“Himmelblitzen!” wheezed a voice. “Oof you peen vone oof der Inchun shpooks, den I bet you I faint fits righdt on der shpot! Whoosh!” and the voice died away with a suggestion of chattering teeth.
“Carrots!” laughed Ballard. “Say, you crazy chump, what are you fooling around the gulch for at this time of night?”
“Oh, Pallard!” puffed Fritz, in great relief. “Vell, vell, vat a habbiness! Dere vas t’ings vich ve don’d know till ve findt dem oudt, hey? I vas looking for you, Pallard, yah, so helup me!”
“Looking for me?” echoed Ballard; “what for?”
“Meppyso I gif you haluf oof dot dreasure oof you go along und hellup me get him.”
“Oh, blazes!” chuckled Ballard. “I thought you’d got over that treasure notion, Carrots.”
“Lisden, vonce, und I told you someding.” Fritz dropped his voice to an explosive whisper. “Vat you dink? Py shiminy, so sure as nodding I findt me dot shtone mit der gross on. Yah, you bed my life! It vas so blain as I can’t tell, Pallard. Aber ven I roll avay der shtone und tig mit der shovel, I hear me some voices oof an Inchun chief. Dot shkared me avay. Haf you got der nerfs to go mit me to der blace back, Pallard? I peen shaky all ofer, und my shkin geds oop und valks on me mit coldt feet, yet I bed you I go back, und I findt der dreasure. You come, und so hellup me I gif you haluf!”

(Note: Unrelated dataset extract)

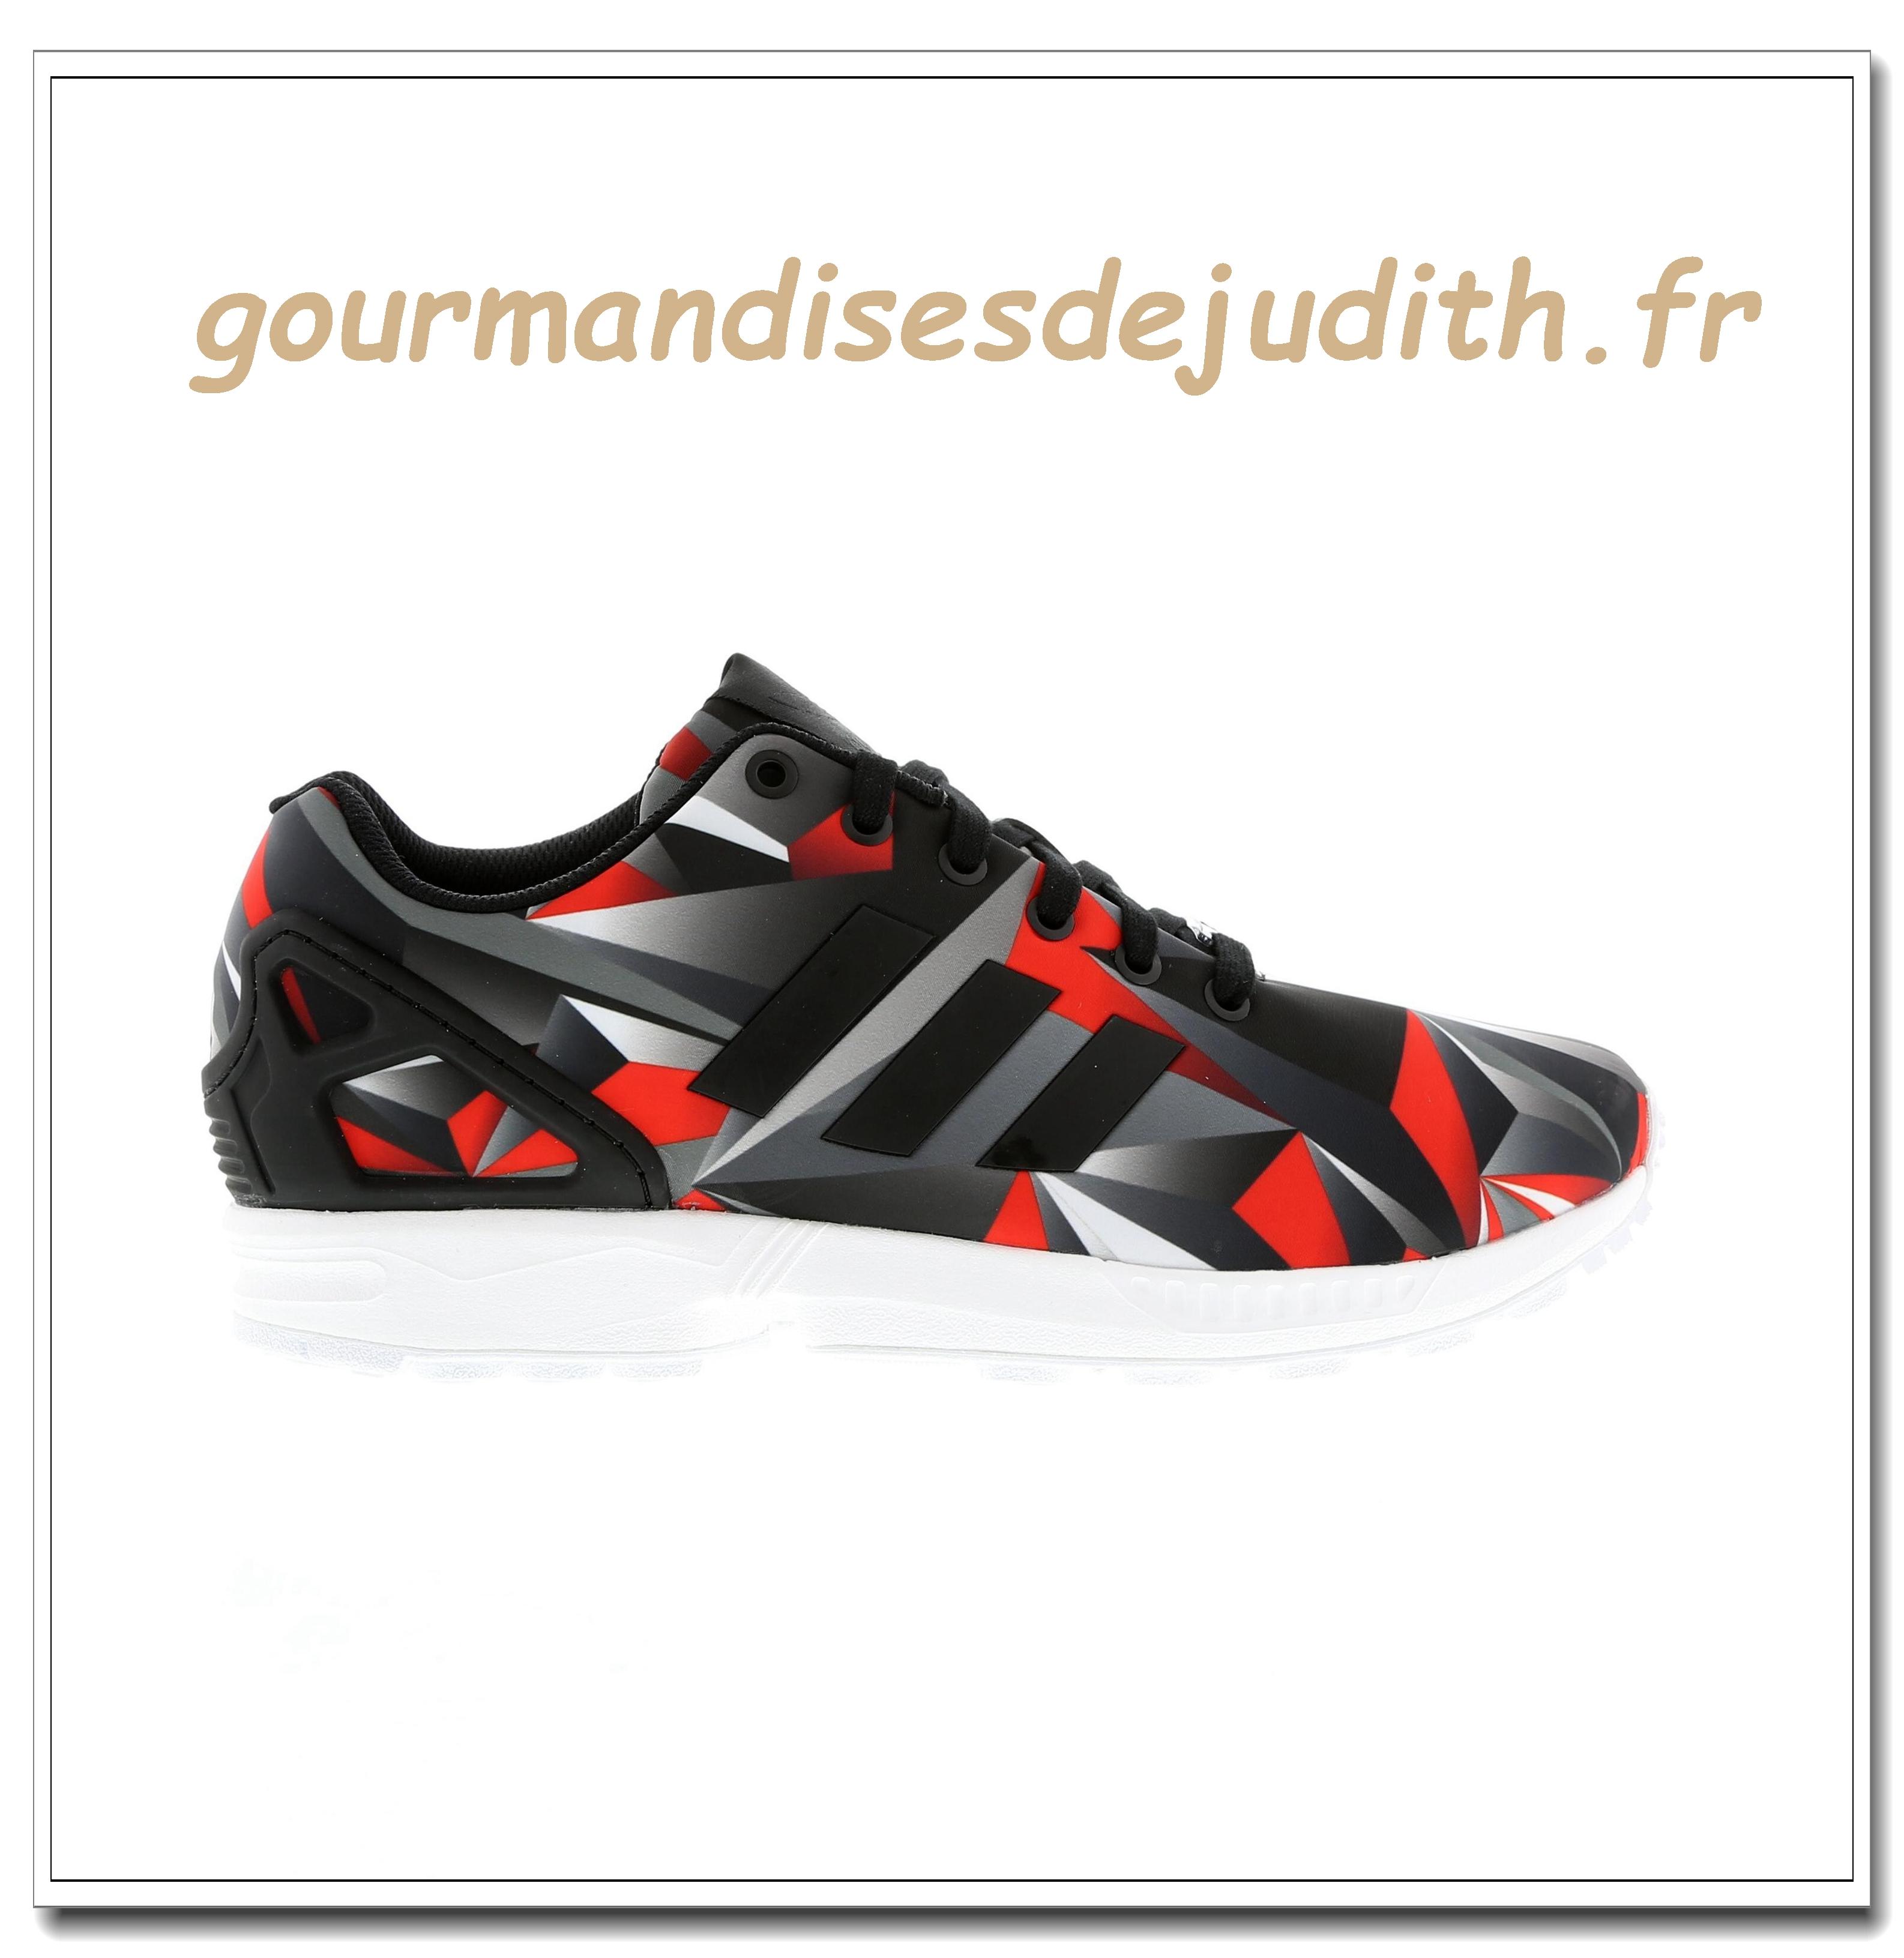 wholesale dealer 1aa2c 16f07 largement acclamé QME90 - Adidas ZX Flux Weave Femme Sneakers Courir Blanche  Berry Vives Satellite QT7036 25091297 -50% (Remise Adidas Zx Flux) Adidas  Zx ...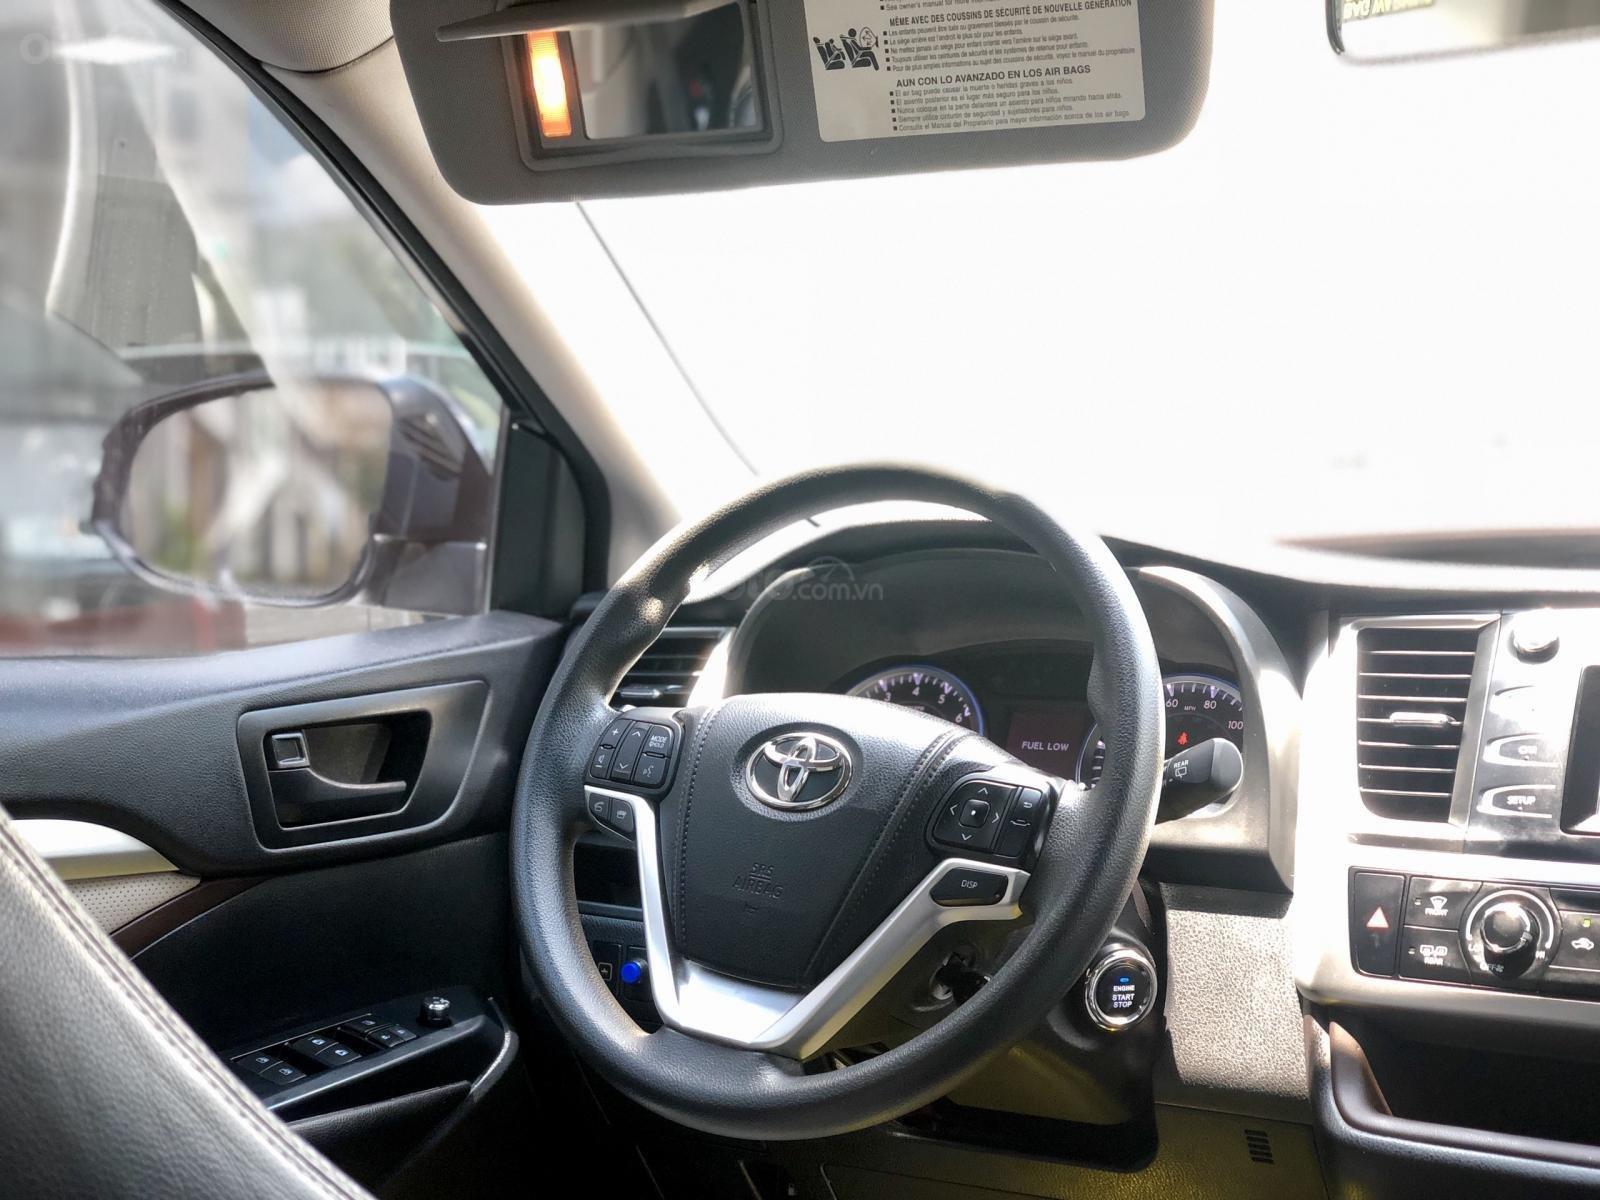 Bán Toyota Highlander SX 2014 siêu đẹp, LH Ms Hương 0945.39.2468 (14)

The excitement at the Wells, incident to the arrival of the Gold Hillers and following hard upon the rapid return of Fritz and Silva to the camp, had temporarily closed the fun Merry and his friends had had in the cañon. More important events had claimed the attention of the lads who had participated in the joke, and no one had explained matters to Fritz or the Mexican. So it chanced that the Dutchman was still laboring under his delusion.
Ballard wondered whether he had better set Fritz right, or keep the joke going. He finally decided that the stock would not suffer if he played out the Dutchman a little, and watched his antics in the supposedly spook-haunted gulch.
“When an Injun goes to the happy hunting grounds, Carrots,” remarked Ballard gravely, “it’s just as well not to stir him up. I’d hate to have a red spook get a strangle hold on me—there wouldn’t be treasure enough in the whole of Arizona to pay a fellow for an experience of that kind.”